По замыслу окладчиков, они должны были быстро замкнуть круг, идя с двух сторон. Трошка рассчитывал, что сытые волки, улегшись на дневку в густых кустах, не обратят внимания на шум. Вместе с зятем Гончара Михаилом он двинулся по просеке, а Прохор, Митрофан и Гончар — к затону, старательно навешивая на кусты флажки.

Снег под ногами не хрустел. Трошка двигался проворно, вешал флажки сновористо. Уже подходила к концу вторая катушка, когда над поляной появились сороки. Они летели высоко и вдруг, остановившись в воздухе, резко спланировали на растущий средь поляны дуб. Первая из птиц, усевшись на ветке, дернула хвостом, негромко стрекотнула, а затем, заметив людей, переместилась к ним поближе и заверещала на весь лес. Трошка подумал, что пропали все труды, звери отлично понимают, о чем тараторит сорока, но, надеясь на чудо, подскочил к санкам, на которых лежали катушки с флажками, и выдохнул:

— Пошел! Быстрей, быстрей, к затону! Может, успеем!

Его напарник опешил. То делалось все тихо, а теперь наоборот, и шум и треск. Они изо всех сил побежали к затону. Замкнуть круг. Оставалось каких-то триста саженей. Трошка еще надеялся на удачу. Успеют замкнуть кольцо!

— Давай, Миша, — хрипел он, — осталось чуть. Эти проклятые сороки, чтобы их черт побрал…

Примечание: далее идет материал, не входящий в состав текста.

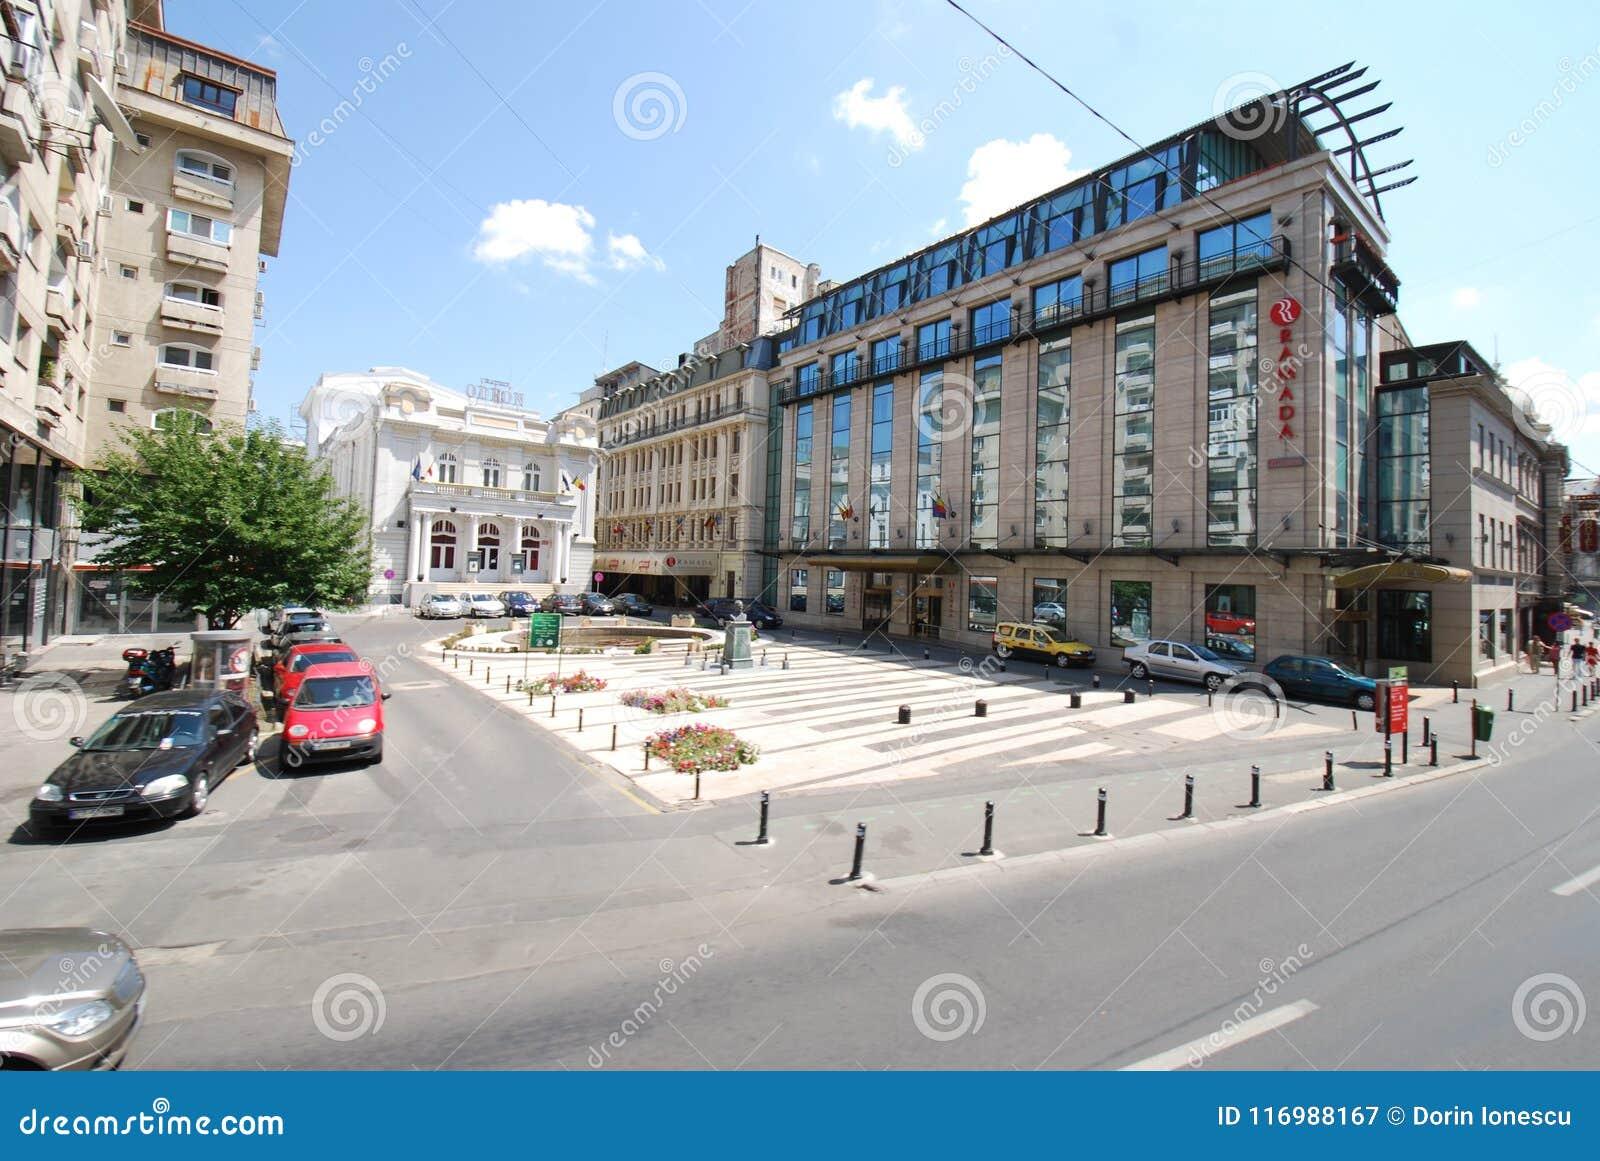 Le théâtre d Odeon, zone métropolitaine, voisinage, plaza, a mélangé l utilisation

Вдруг резко, со звоном, хлопнул выстрел один, второй. Стрелял Митрофан. Трошка оторвался от флажков и увидел, как с кручи на белый лед затона сваливались волки. До них было саженей полтораста. Он рванул с плеча ружье, обогнав стволами ближнего к себе зверя, со злостью выстрелил. Картечь, не долетев до цели, прорезала нетронутую пелену снега. Тогда он поднял стволы повыше и, еще больше упредив бегущего волка, бухнул. Раскатистое эхо весело отозвалось на той стороне затона. Волки, испуганные выстрелами, наддали, торопясь скрыться в зарослях камыша. Все видели, как впереди, припадая на переднюю лапу, шла трехлапая, следом стелился матерый, и чуть сзади торопились переярки. Трошка опустил ружье, сдернул с головы шапку и с размаху бросил ее на снег. Он кулаком погрозил все еще трещавшим в стороне птицам, потом, подняв шапку, сердито бросил:

— Собирай флажки, сберегли сороки зверей!

-

Вскоре потеплело. Низкие тучи нависли над полями. Срывался мокрыми хлопьями снег, накипал на кусты. Стая и днем колесила по безлюдной степи. В одной деревушке волки попытались было забраться в хлев, но помешал человек. Он появился так внезапно, что чистая случайность спасла матерого от смерти. Человек брызнул огнем и промазал, только маленькая дробина зацепила матерому ухо, вызвав жгучую боль. Волки удрали подальше от злополучного катуха и повторить набег больше не решились. Матерый долго обтирал о снег кровоточащее ухо, потом звери ушли в степные бурьяны, надеясь поохотиться на русаков.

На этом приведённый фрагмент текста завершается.